Exercise 1. The Expected Positive Exposure (EPE) and Expected Negative Exposure (ENE) are defined as \(\text{EPE}(t) = \mathbb{E}[\max(V(t), 0)]\) and \(\text{ENE}(t) = \mathbb{E}[\min(V(t), 0)]\). For a payer swap, describe how these profiles evolve over the swap's life.

Solution to Exercise 1

For a payer swap (pay fixed, receive floating):

  • Early in the swap's life, the exposure is low because few cash flows have been exchanged and the swap value is near zero.
  • EPE peaks at about one-third to one-half of the swap's life, as the present value of remaining cash flows is maximized and rate movements have had time to create value.
  • Toward maturity, EPE declines as fewer cash flows remain (the "pull-to-par" effect).

The EPE profile is "humped," while the ENE profile mirrors it on the negative side. The net exposure under netting depends on the portfolio composition.


Exercise 2. Explain how netting reduces the Potential Future Exposure (PFE) for a portfolio of two offsetting swaps.

Solution to Exercise 2

Consider two swaps: swap A (payer, pay \(3\%\)) and swap B (receiver, pay floating, receive \(3.5\%\)). At any time \(t\), their values are negatively correlated (if rates rise, A gains and B loses). Without netting, PFE \(= \max(V_A, 0) + \max(V_B, 0)\). With netting, PFE \(= \max(V_A + V_B, 0)\). Since \(V_A\) and \(V_B\) partially offset, the netted exposure is much smaller. For perfectly offsetting swaps, the netted PFE would be near zero, while the gross PFE would still be substantial.
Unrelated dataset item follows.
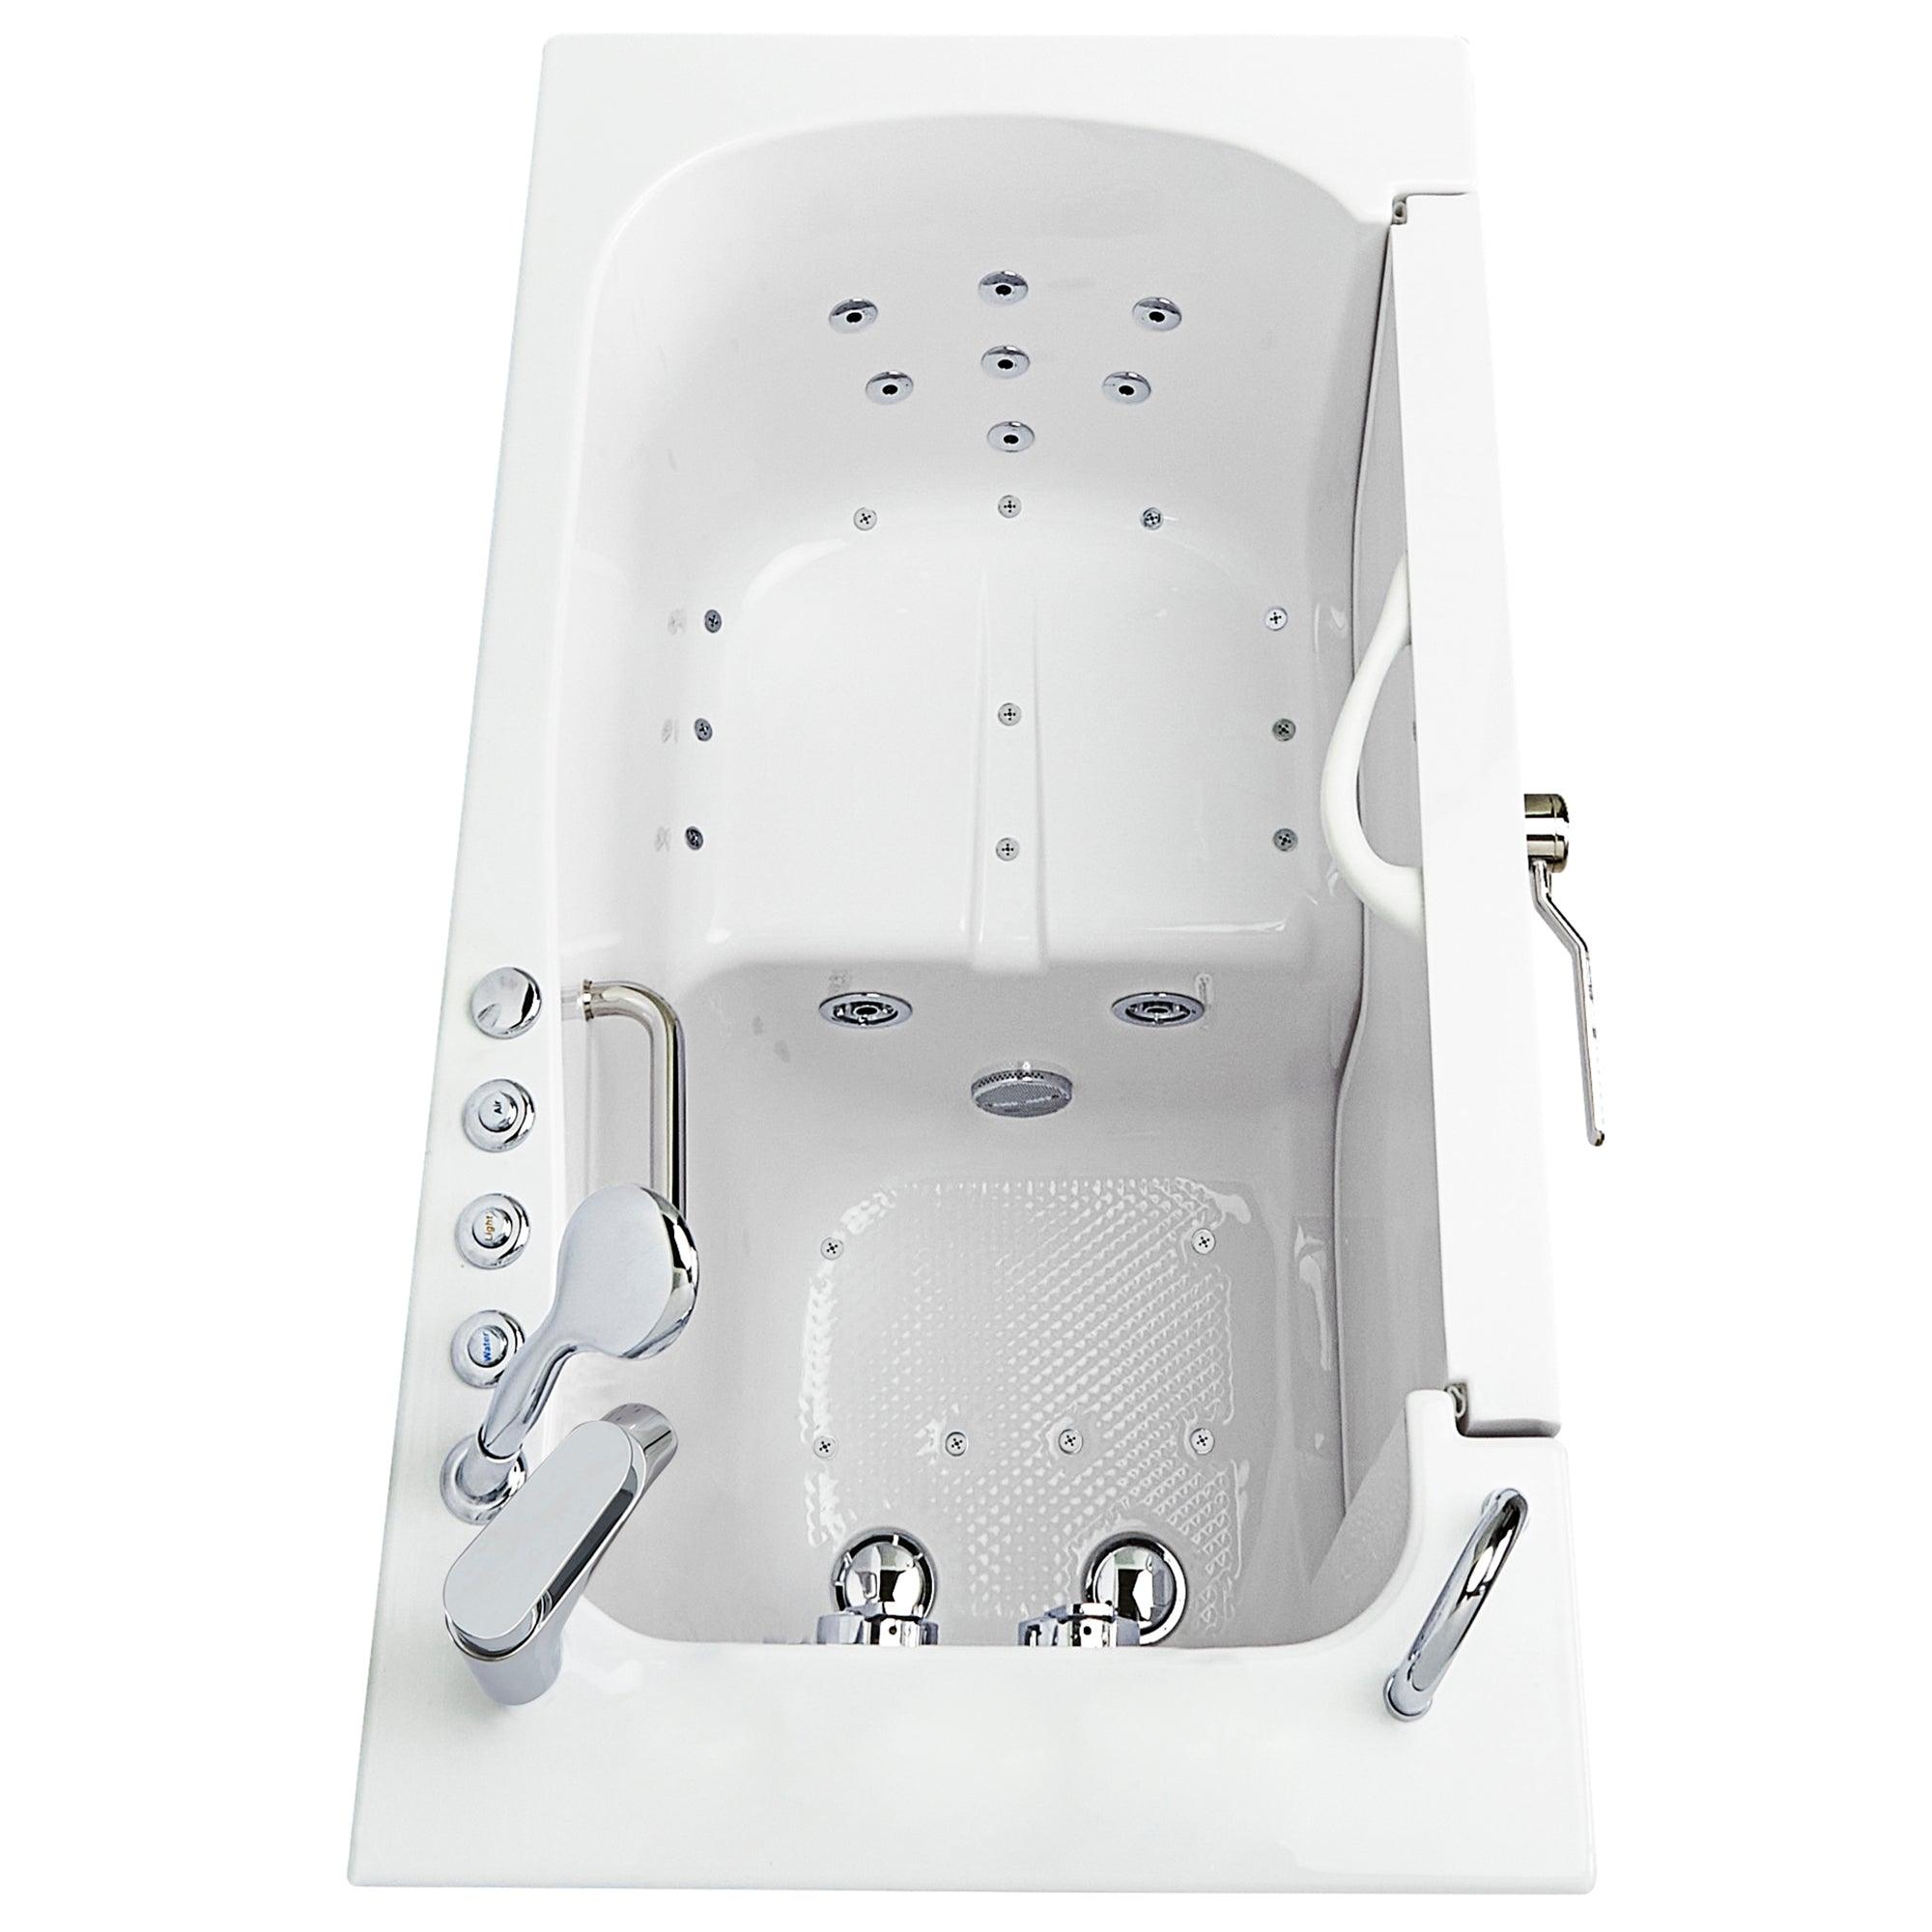 Ella Wheelchair Transfer 30" x 52" Acrylic Air and Hydro Massage Walk-In Bathtub with Heated Seat - Bathroom Design Center

Exercise 3. The Hull-White model is used to simulate rate paths for exposure computation. Why is risk-neutral simulation appropriate here rather than real-world simulation?

Solution to Exercise 3

For CVA pricing (which is a market-consistent valuation), risk-neutral simulation is appropriate because CVA is the market price of counterparty credit risk. The EPE computed under the risk-neutral measure ensures consistency with observed market prices of hedging instruments. Real-world simulation (using historical or estimated drifts) would be appropriate for regulatory capital calculations (e.g., SA-CVA) but would produce CVA values that are not market-consistent and cannot be hedged.


Exercise 4. If the netted EPE profile peaks at $5M at year 3, the counterparty's hazard rate is \(1.5\%\), and recovery is \(40\%\), estimate the approximate CVA using a simple formula.

Solution to Exercise 4

A rough approximation using average EPE:

\[ \text{CVA} \approx (1-R) \times \overline{\text{EPE}} \times h \times T = 0.6 \times 2.5M \times 0.015 \times 5 = \$112{,}500, \]

where \(\overline{\text{EPE}} \approx 0.5 \times \text{Peak EPE} = \$2.5M\) (triangular approximation). This is a crude estimate; the full Monte Carlo computation integrates the actual EPE profile against the default probability density.